An autonomous agent that generates Python code, adversarially tests it with edge cases, diagnoses failures through structured root-cause analysis, and iteratively repairs the solution β€” all without human input. The core problem: LLMs produce incorrect code on the first attempt more often than not. This system treats that as a solvable engineering problem by wrapping the LLM in a structured, self-correcting feedback loop.

Run it now
πŸ€— HF Spaces β€” no setup required Runs on CPU, expect 30–90s per agent step
πŸ”¬ Google Colab β€” GPU T4 GPU, public gradio.live link via share=True

Demo

Self-Healing Code Agent β€” live run

Live run: the agent generated a Python solution, tested it adversarially, diagnosed a failure, and applied a targeted repair β€” all autonomously. Execution Timeline (bottom left) and Learning Log (right) update in real time.


How to Run It

⚠️ Deploying to HuggingFace Spaces? See docs/deployment-issues.md for a full log of known failure modes and fixes encountered during this build.

Prerequisites

  • Python 3.11+
  • ANTHROPIC_API_KEY β€” required for all non-generator roles (QA, debugger, critic, memory summarizer)
  • Ollama running locally (ollama serve) β€” optional, used only for the generator role
pip install -r requirements.txt
# Option 1: Ollama generator + Claude for smart roles (recommended locally)
ollama pull llama3.2:3b
ANTHROPIC_API_KEY=sk-ant-... python app.py

# Option 2: All roles use Claude (no Ollama needed; repair loop triggers less often)
LLM_PROVIDER=anthropic ANTHROPIC_API_KEY=sk-ant-... python app.py

With HuggingFace Transformers (HF Spaces / GPU)

pip install transformers torch accelerate
# LLM_PROVIDER=huggingface is REQUIRED to route the generator role to the local 3B model.
# Without it, the generator silently falls back to Claude (repair loop rarely triggers).
LLM_PROVIDER=huggingface ANTHROPIC_API_KEY=sk-ant-... python app.py

Mock mode (no models required)

LLM_PROVIDER=mock python app.py

Running Benchmarks

# Full benchmark (requires real LLM provider)
python -m evaluation.run_benchmark --provider ollama --max-iterations 4

# Single task
python -m evaluation.run_benchmark --task-ids interval_merge_001 --provider ollama

Running Tests

# All tests (uses mock provider β€” no models needed)
LLM_PROVIDER=mock pytest

# Single test file
LLM_PROVIDER=mock pytest tests/test_sandbox.py -v

Architecture

This system has three architectural layers with meaningfully different properties:

Layer 1: Orchestrated Pipeline (deterministic flow)

The Generator, QA, Executor, and Memory Summarizer nodes run in a fixed order.

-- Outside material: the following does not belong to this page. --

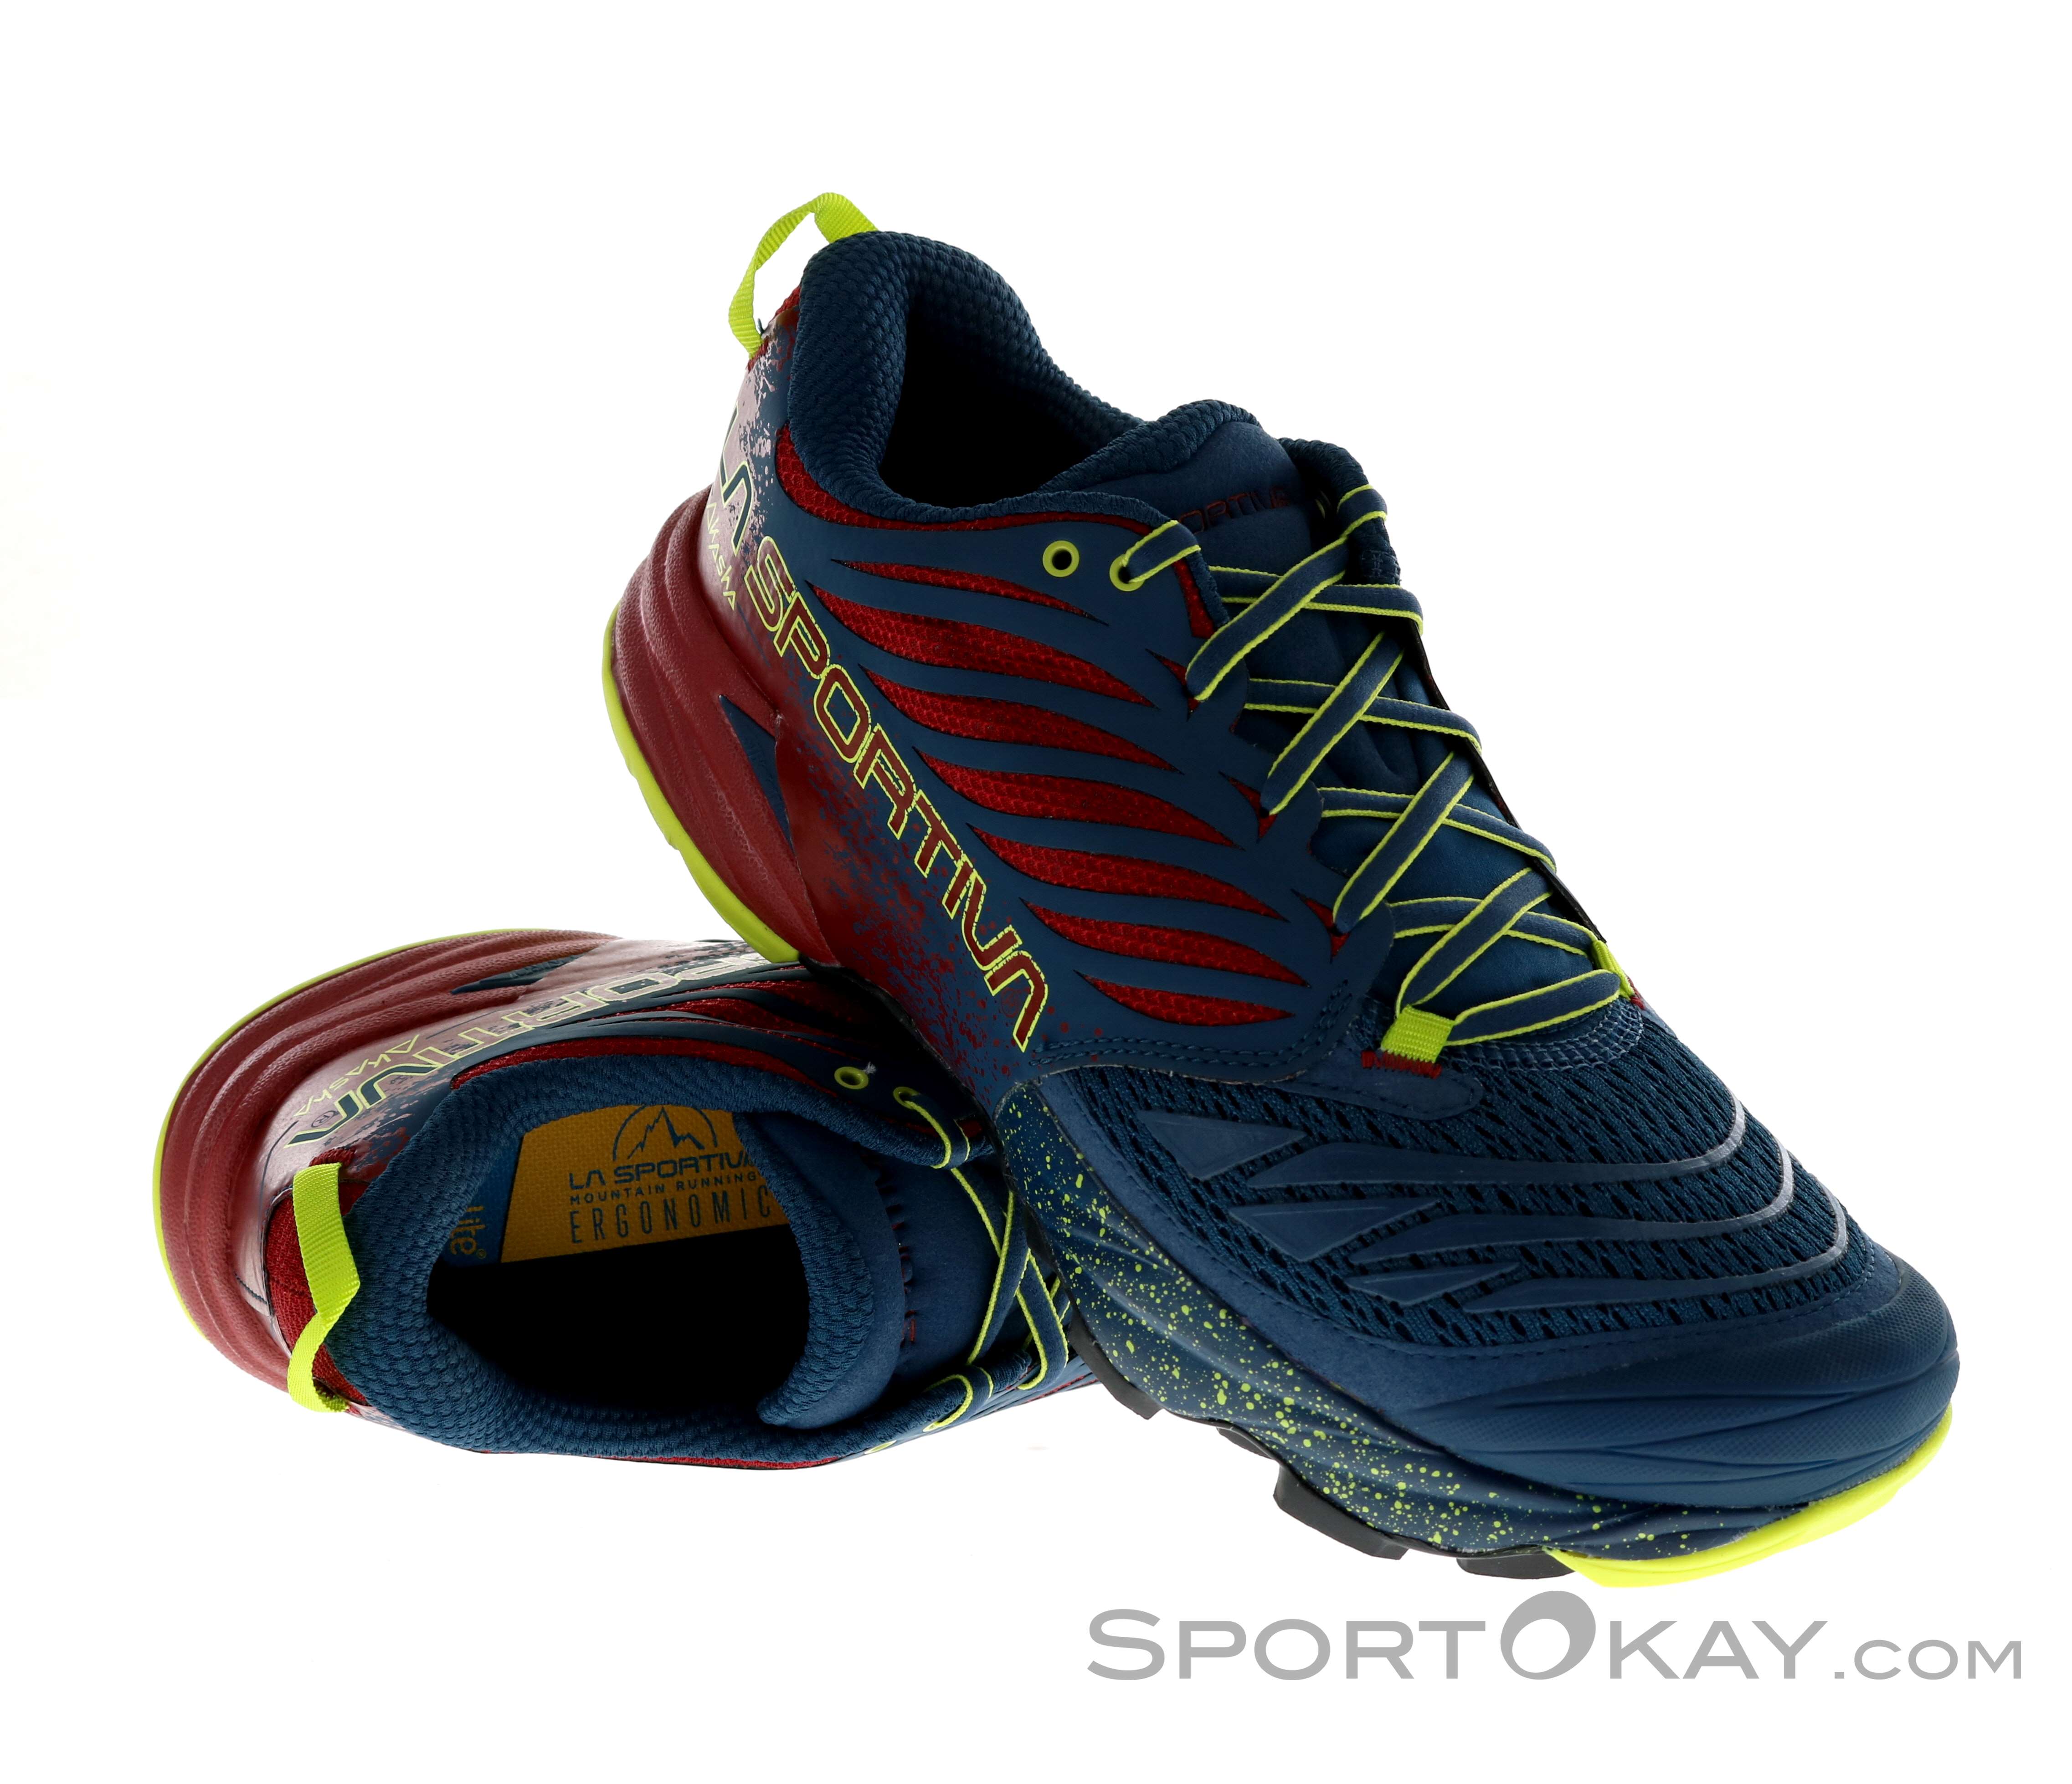 ultra marathon trail shoes

They are LLM-augmented steps, not autonomous agents β€” each receives a structured prompt, calls the LLM once, validates the output against a JSON schema, and passes results downstream. The LangGraph state machine handles routing.

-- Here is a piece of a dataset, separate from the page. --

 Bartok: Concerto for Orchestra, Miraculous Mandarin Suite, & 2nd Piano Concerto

Layer 2: Agentic Investigation (autonomous decision-making)

The Debugger is the one genuinely agentic component. It runs a ReAct loop: think β†’ use tool β†’ observe β†’ repeat β†’ conclude. It can invoke three tools before issuing its final diagnosis:

  • run_snippet: execute a Python snippet to test an edge-case hypothesis
  • inspect_function: parse AST to verify function signatures and docstrings
  • diff_iterations: compare code across repair attempts to track convergence

This is where actual autonomous multi-step reasoning happens β€” the LLM decides which tools to use, in what order, and when to stop investigating.

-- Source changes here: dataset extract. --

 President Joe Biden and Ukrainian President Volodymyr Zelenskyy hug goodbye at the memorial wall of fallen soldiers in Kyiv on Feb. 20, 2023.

Layer 3: Human Oversight (configurable autonomy)

Configurable via AgentConfig.autonomy_level:

  • review_repairs (default): pause before each repair for human approval via interrupt()
  • full_auto: no interrupts β€” fully autonomous repair loop (used by the HF Spaces deployment, set in app.py)
  • review_all: pause before generation AND before each repair

The HF Spaces entry point (app.py at the repo root) explicitly overrides this to full_auto because LangGraph's interrupt() pause/resume flow can desynchronize with Gradio's streaming generator on hosted deployments.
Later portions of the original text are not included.